Testing for normality
The normality assumption is more important for small sample sizes than for larger sample sizes.
Normal distributions are symmetric, which means they are “even” on both sides of the center. Normal distributions do not have extreme values, or outliers. You can check these two features of a normal distribution with graphs. Earlier, we decided that the energy bar data was “close enough” to normal to go ahead with the assumption of normality. The figure below shows a normal quantile plot for the data, and supports our decision.
You can also perform a formal test for normality using software. The figure below shows results of testing for normality with JMP software. We cannot reject the hypothesis of a normal distribution.
We can go ahead with the assumption that the energy bar data is normally distributed.
What if my data are not from a Normal distribution?

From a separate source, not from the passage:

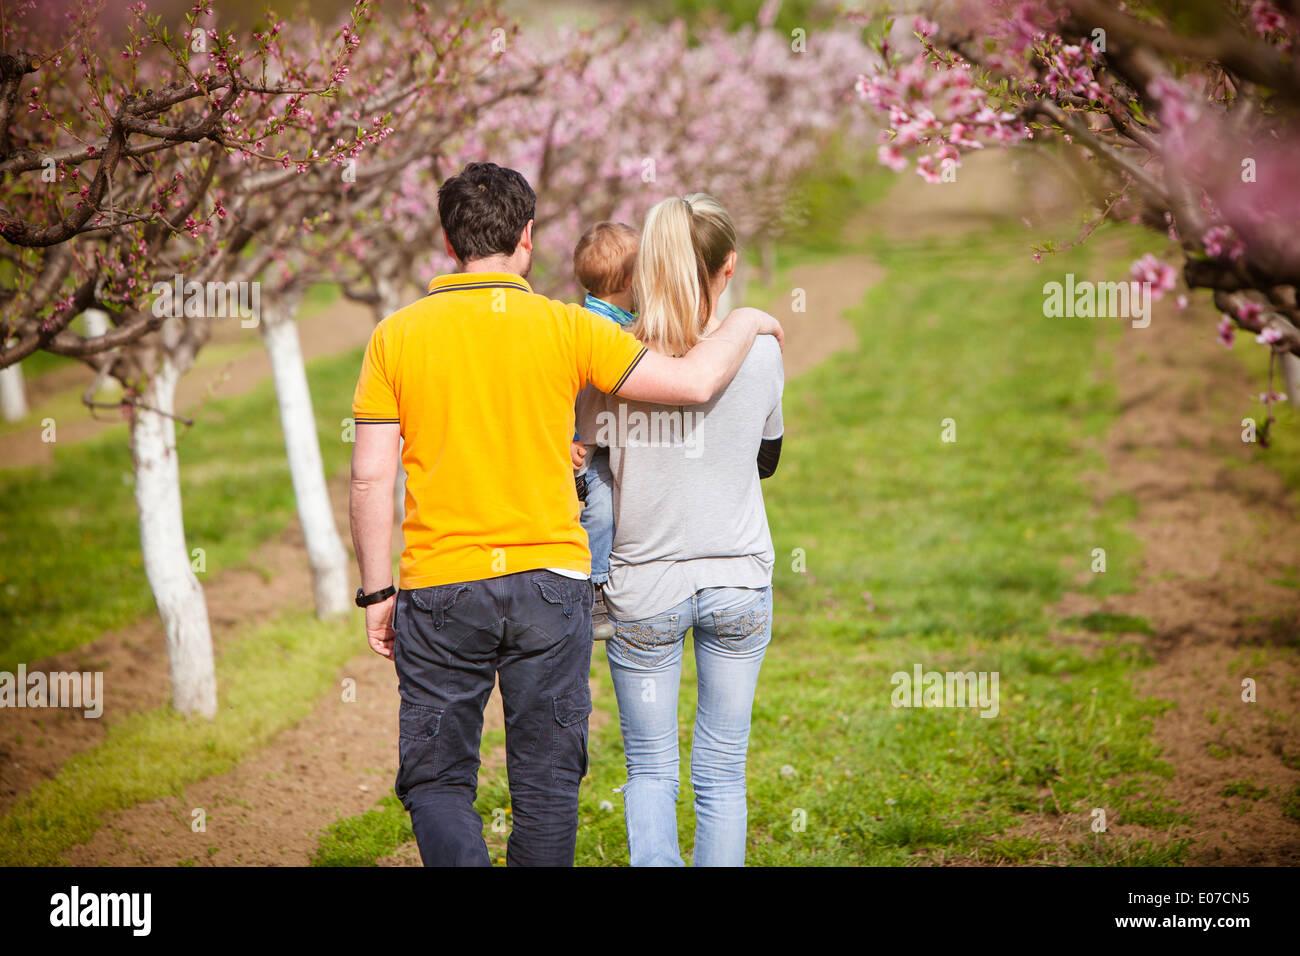 Parents with toddler boy walking next to cherry trees, Austria - Stock Image
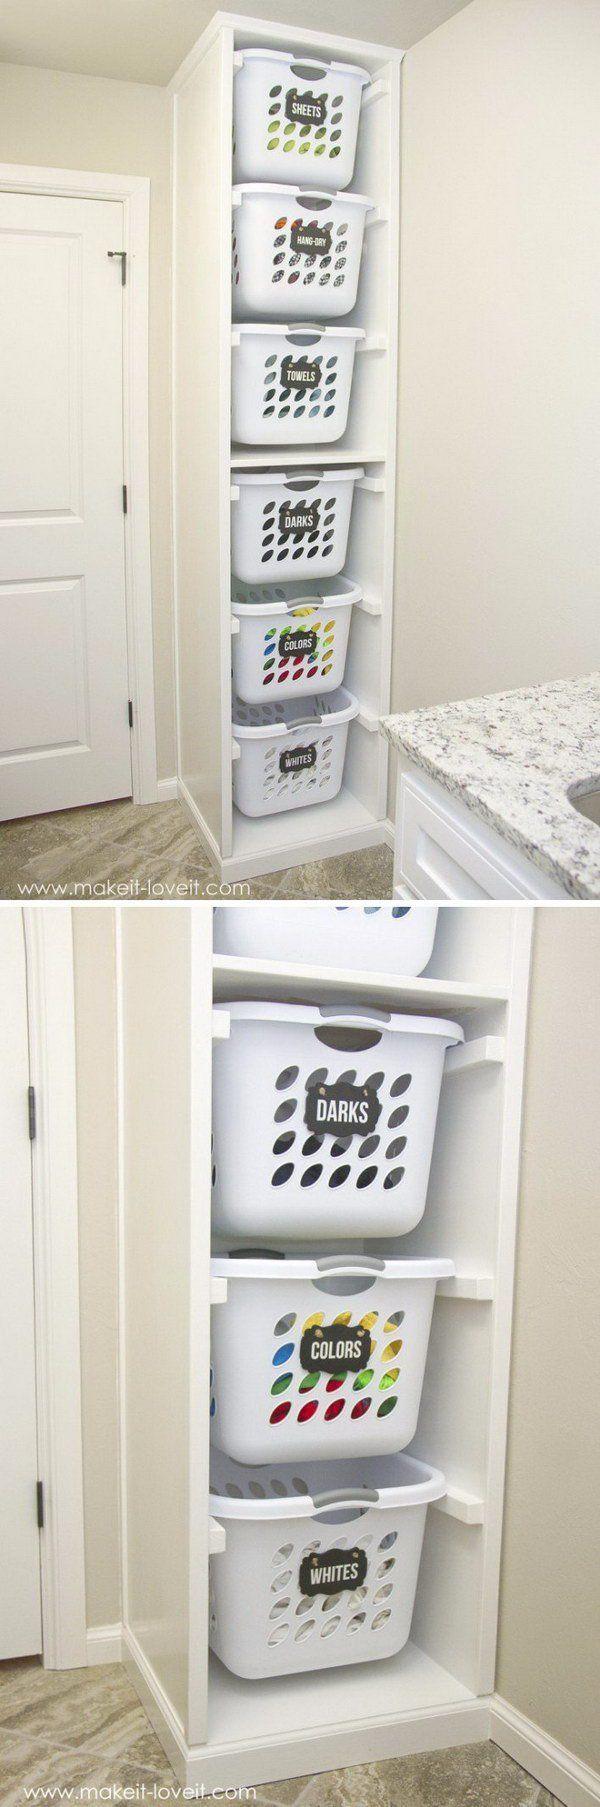 Best 25+ Cheap laundry baskets ideas on Pinterest | Hanging ...

If your sample size is very small, it is hard to test for normality. In this situation, you might need to use your understanding of the measurements. For example, for the energy bar data, the company knows that the underlying distribution of grams of protein is normally distributed. Even for a very small sample, the company would likely go ahead with the t-test and assume normality.
What if you know the underlying measurements are not normally distributed? Or what if your sample size is large and the test for normality is rejected? In this situation, you can use a nonparametric test. Nonparametric analyses do not depend on an assumption that the data values are from a specific distribution. For the one-sample t-test, the one possible nonparametric test is the Wilcoxon Signed Rank test.
Understanding p-values
Using a visual, you can check to see if your test statistic is more extreme than a specified value in the distribution. The figure below shows a t-distribution with 30 degrees of freedom.
Since our test is two-sided and we set α = 0.05, the figure shows that the value of 2.042 “cuts off” 5% of the data in the tails combined.
The next figure shows our results. You can see the test statistic falls above the specified critical value. It is far enough “out in the tail” to reject the hypothesis that the mean is equal to 20.
Putting it all together with Software
You are likely to use software to perform a t-test. The figure below shows results for the 1-sample t-test for the energy bar data from JMP software.
The software shows the null hypothesis value of 20 and the average and standard deviation from the data. The test statistic is 3.07. This matches the calculations above.
The software shows results for a two-sided test and for one-sided tests. We want the two-sided test. Our null hypothesis is that the mean grams of protein is equal to 20. Our alternative hypothesis is that the mean grams of protein is not equal to 20. The software shows a p-value of 0.0046 for the two-sided test. This p-value describes the likelihood of seeing a sample average as extreme as 21.4, or more extreme, when the underlying population mean is actually 20; in other words, the probability of observing a sample mean as different, or even more different from 20, than the mean we observed in our sample. A p-value of 0.0046 means there is about 46 chances out of 10,000. We feel confident in rejecting the null hypothesis that the population mean is equal to 20.